Marginalia Search Engine Software Documentation

2.4.4 - Directory Tree

For relatively small websites, ad-hoc side-loading is available directly from a folder structure on the hard drive. This is intended for loading manuals, documentation and similar data sets that are large and slowly changing.

A website can be archived with wget, like this

wget -nc -x --continue -w 1 -r -A "html" "docs.marginalia.nu"

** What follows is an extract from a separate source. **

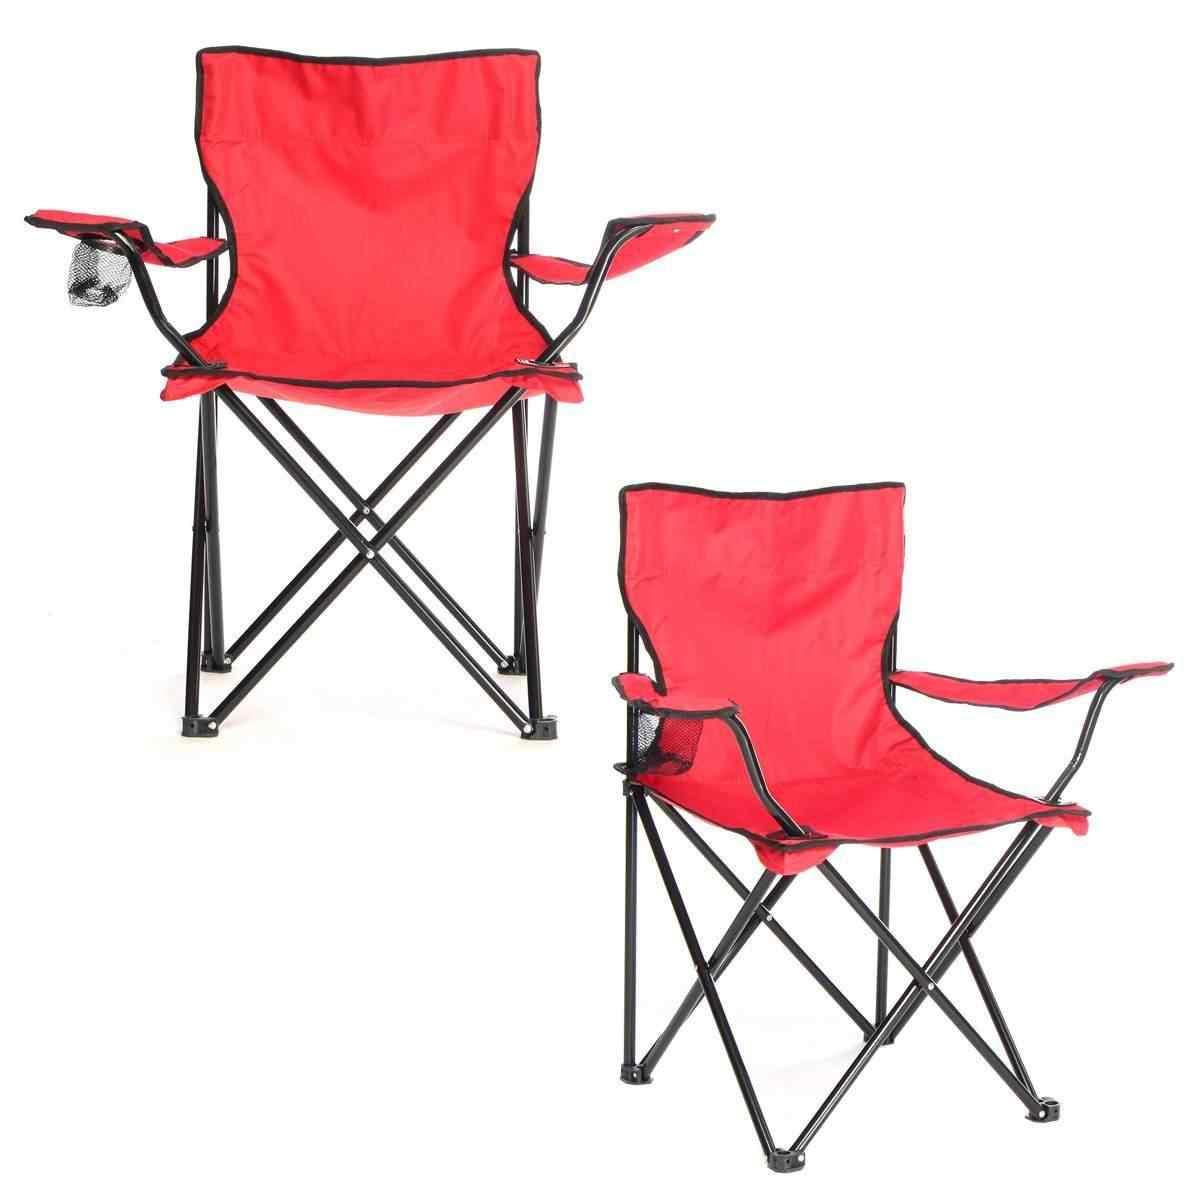 Kamptex Kamp Seti Katlanır Kamp Sandalyesi + Bez Masa 2+1 Kırmızı

After doing this to a bunch of websites, create a YAML file in the upload directory, with contents something like this:

sources:
- name: jdk-20
  dir: "jdk-20/"
  domainName: "docs.oracle.com"
  baseUrl: "https://docs.oracle.com/en/java/javase/20/docs"
  keywords:
  - "java"
  - "docs"
  - "documentation"
  - "javadoc"
- name: python3
  dir: "python-3.11.5/"
  domainName: "docs.python.org"
  baseUrl: "https://docs.python.org/3/"
  keywords:
  - "python"
  - "docs"
  - "documentation"
- name: mariadb.com
  dir: "mariadb.com/"
  domainName: "mariadb.com"
  baseUrl: "https://mariadb.com/"
  keywords:
  - "sql"
  - "docs"
  - "mariadb"
  - "mysql"

The fields in the above are

parameter description
name Purely informative
dir Path of website contents relative to the location of the yaml file
domainName The domain name of the website
baseUrl This URL will be prefixed to the contents of dir
keywords These supplemental keywords will be injected in each document

The directory structure corresponding to the above might look like this:

docs-index.yaml
jdk-20/
jdk-20/resources/
jdk-20/api/
jdk-20/api/[...]
jdk-20/specs/
jdk-20/specs/[...]
jdk-20/index.html
mariadb.com
mariadb.com/kb/
mariadb.com/kb/[...]
python-3.11.5
python-3.11.5/genindex-B.html
python-3.11.5/library/
python-3.11.5/distutils/
python-3.11.5/[...]
[...]

So e.g. the file jdk-20/api/java.base/java/lang/Thread.html would refer to the URL https://docs.oracle.com/en/java/javase/20/docs/api/java.base/java/lang/Thread.html.

After creating the directory structure, go to the Index Nodes -> Node N -> Actions -> Sideload Dirtree, and select the directory containing the structure. Then click ‘Sideload Dirtree`. This will process the data, so that it can be loaded.

Sideload Dirtree form

As usual with sideloaded data, after the data has been processed it can be loaded by going to Index Nodes -> Node N -> Actions -> Load Processed Data.